The July 2012 Stanford Graduate School of Business study titled “The Economic Consequences of Proxy Advisor Say-on-Pay Voting Policies” looked at ISS and Glass Lewis recommendations on compensation policies and issued these stark conclusions:

“First, proxy advisory firm recommendations have a substantive impact on say-on-pay voting outcomes. Second, a significant number of firms change their compensation programs in the time period before the formal shareholder vote in a manner consistent with the features known to be favored by proxy advisory firms apparently in an effort to avoid a negative recommendation. Third, the stock market reaction to these compensation program changes is statistically negative. Thus, the proprietary models used by proxy advisory firms for say-on- pay recommendations appear to induce boards of directors to make choices that decreaseshareholder value.”

Specifically, the researchers found that, in their study of more than 2,000 companies, the “average risk-adjusted return” on the implementation of the recommendations “is a statistically significant -0.42%.”

ISS also backs other governance policies -- such as independent chairmen and “golden parachutes” -- for which support in the academic literature is mixed, at best.

In a classic case of unintended consequences, the 2003 SEC rule led to a result that was almost precisely the opposite of what many of its supporters, including Chairman Harvey Pitt, had wanted.
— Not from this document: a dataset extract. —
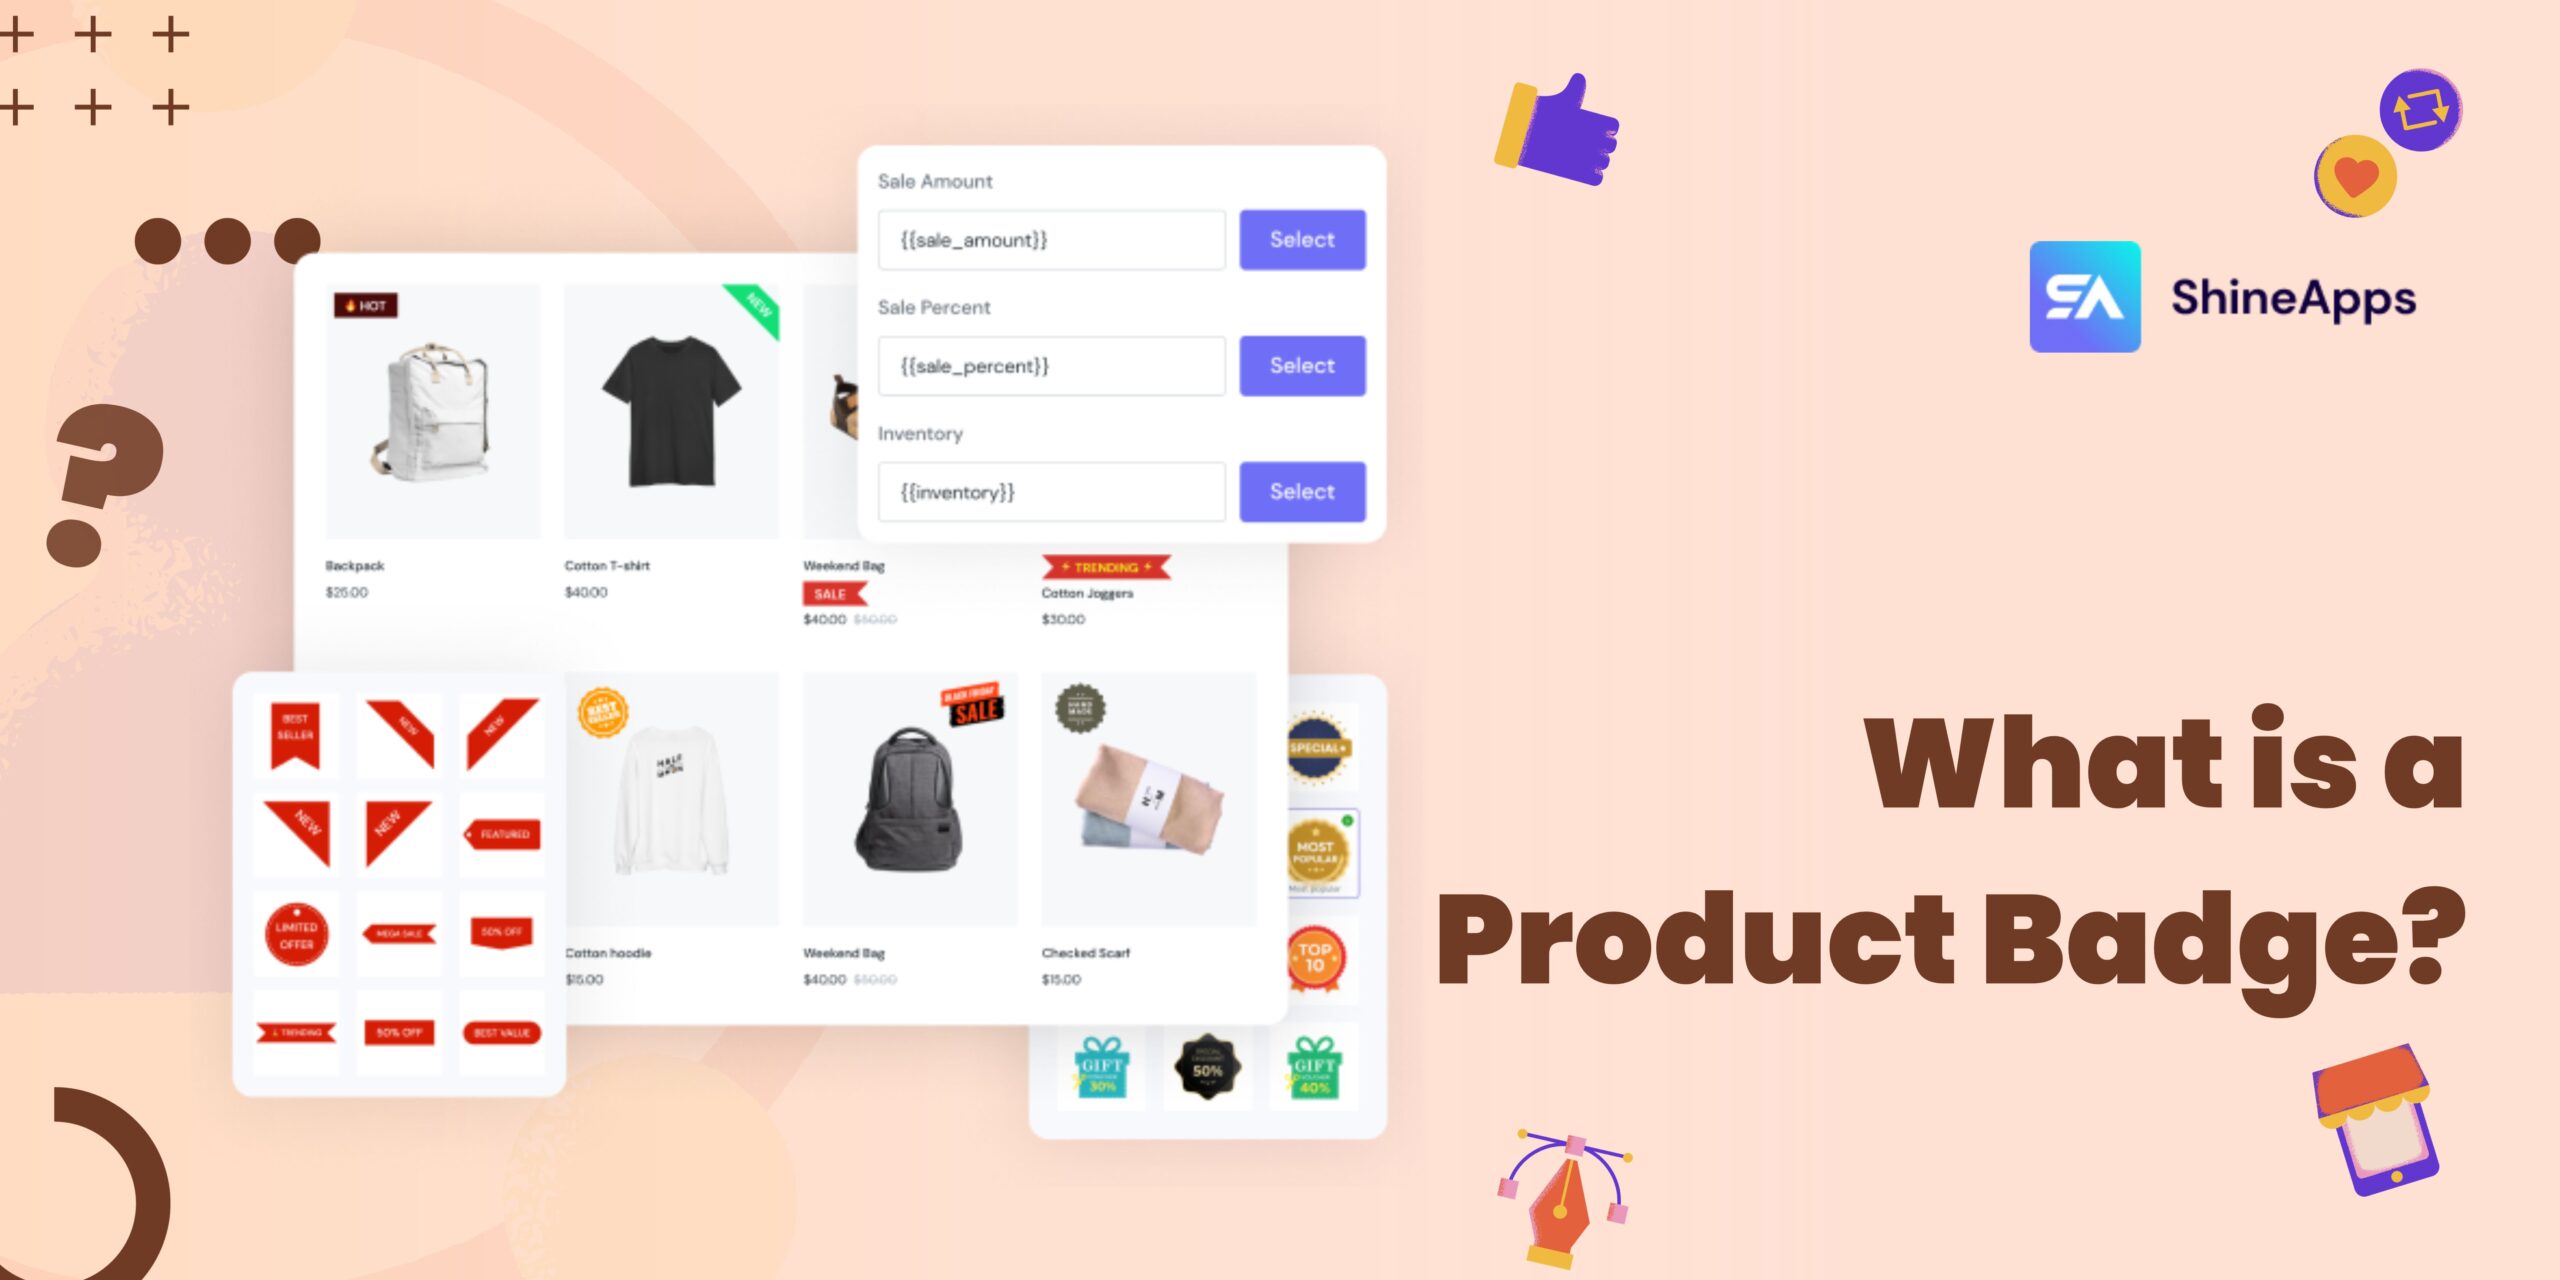 What is a Product Badge?

Instead of eliminating conflicts of interest, the rule simply shifted them to the advisory firms. Instead of encouraging funds to assume more responsibility for their proxy votes, the rule pushed them to assume less. Instead of providing informed, sensitive voting on proxies, the incentive has been to outsource decision-making to two small organizations that most investors have never heard of.

Reasonable Solutions

The good news is that this broken proxy system can be fixed.
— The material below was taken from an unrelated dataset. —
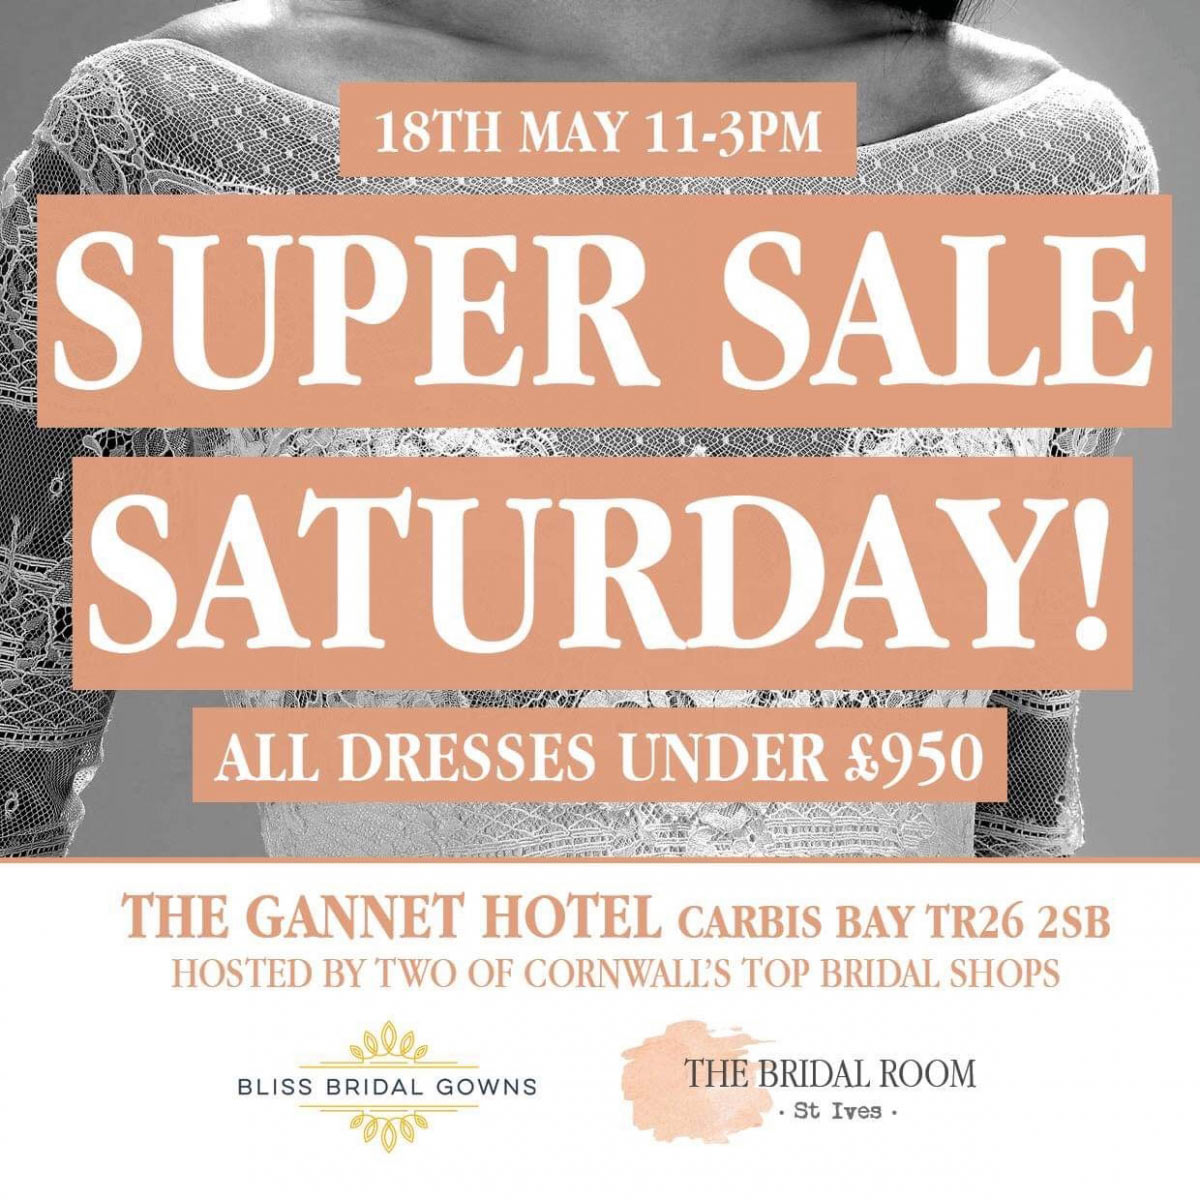 Super sale Saturday with The Bridal Room St Ives

First, let mutual funds and other institutions themselves decide when it makes sense to spend resources analyzing and voting on a proxy question. The test should be whether the vote enhances the value of a fund’s investment to a significant degree and whether the benefits of the voting process exceed the costs.

Second, end the preferential regulatory treatment that proxy advisers currently enjoy in the law. Institutional investors would remain free to purchase proxy advisory services if those services are valuable on their own merit. 

Finally, end extraneous proxy requirements such as say-on- pay votes. Let shareholders and directors decide the matters that should be put to votes, if any, beyond those already required under state corporate law.

All three steps are reasonable, nonpartisan and relatively easy to accomplish. They will return efficiency to the system and put the authority for shaping corporate governance where it belongs -- in the hands of corporate directors, managers and shareholders.